The Kremlin has repeatedly denied it has any such designs, but the U.S. and its NATO allies are worried about Russia deploying an estimated 100,000 troops near Ukraine and launching a series of sweeping military maneuvers.

As part of the drills, motorized infantry and artillery units in southwestern Russia practiced firing live ammunition, warplanes in Kaliningrad on the Baltic Sea performed bombing runs, dozens of warships sailed for training exercises in the Black Sea and the Arctic, and Russian fighter jets and paratroopers arrived in Belarus for joint war games.

Asked by a reporter on Wednesday when the U.S. would “stop playing Russia’s game,” Blinken emphasized the U.S. is preparing for the worst, including by putting 8,500 Americans troops on “heightened alert” as a show of support and deterrence, as the Pentagon announced earlier this week. 
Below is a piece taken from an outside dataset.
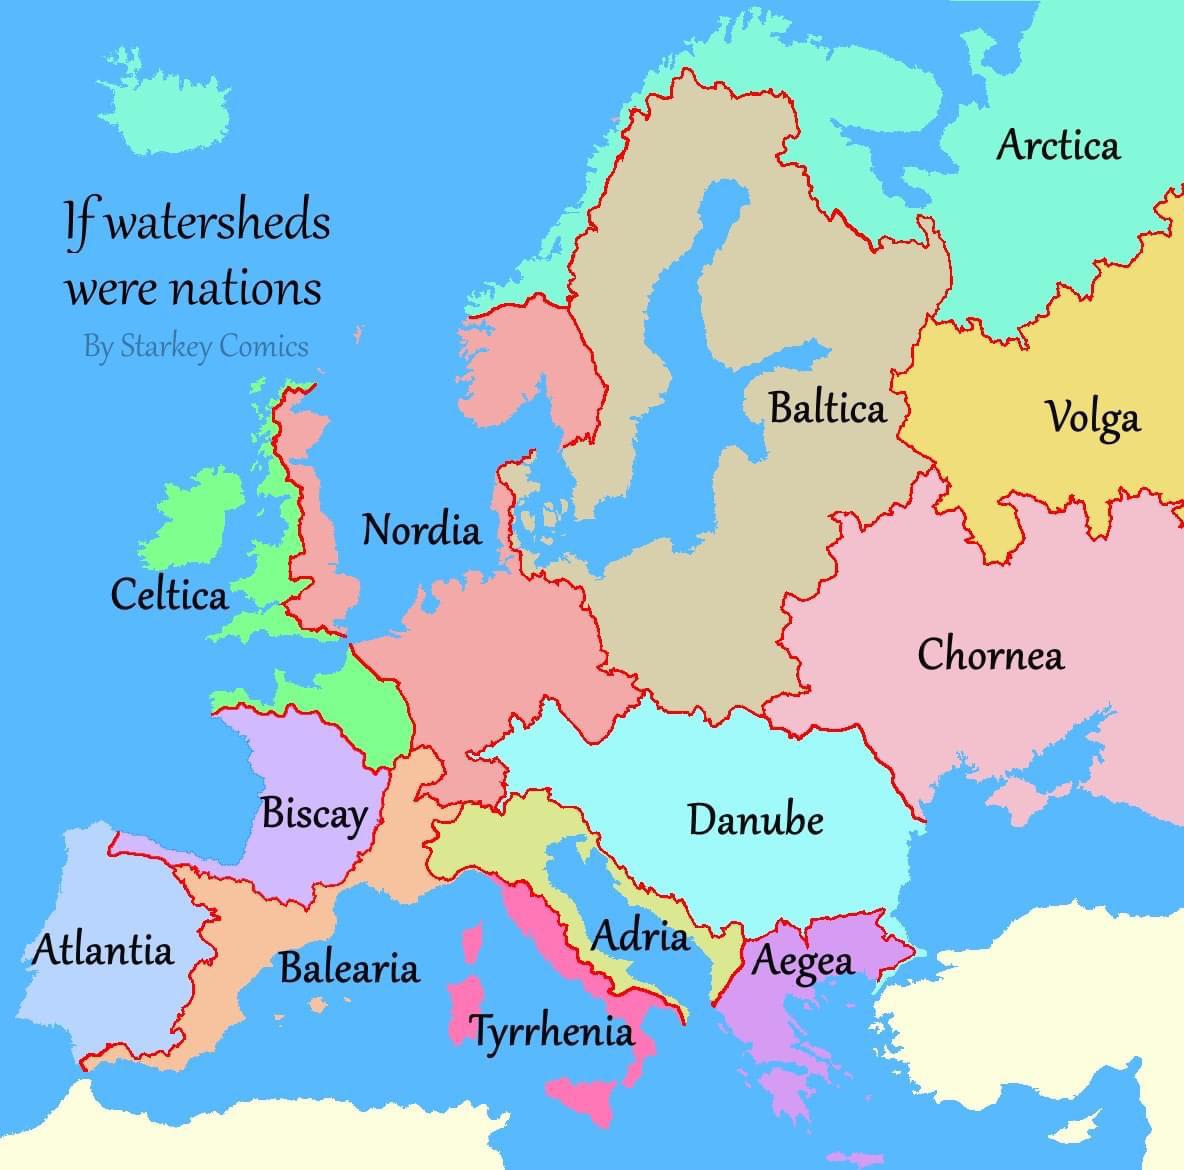 If watersheds were nations, Europe edition

“Even as we've been engaging in diplomacy — which is my job and responsibility — we have been very resolutely preparing for Russia to take the other path: the path of aggression,” Blinken said.

At stake is the future of Ukraine: Russia has demanded guarantees that NATO will never admit the country and other ex-Soviet nations as members and that the alliance will roll back troop deployments in other former Soviet bloc nations. Some of these, like the membership pledge, are nonstarters for NATO, creating a seemingly intractable stalemate that many fear can only end in a war.

Speaking to lawmakers, Russian Foreign Minister Sergey Lavrov said he and other top officials will advise President Vladimir Putin on the next steps after receiving written replies from the United States to the demands.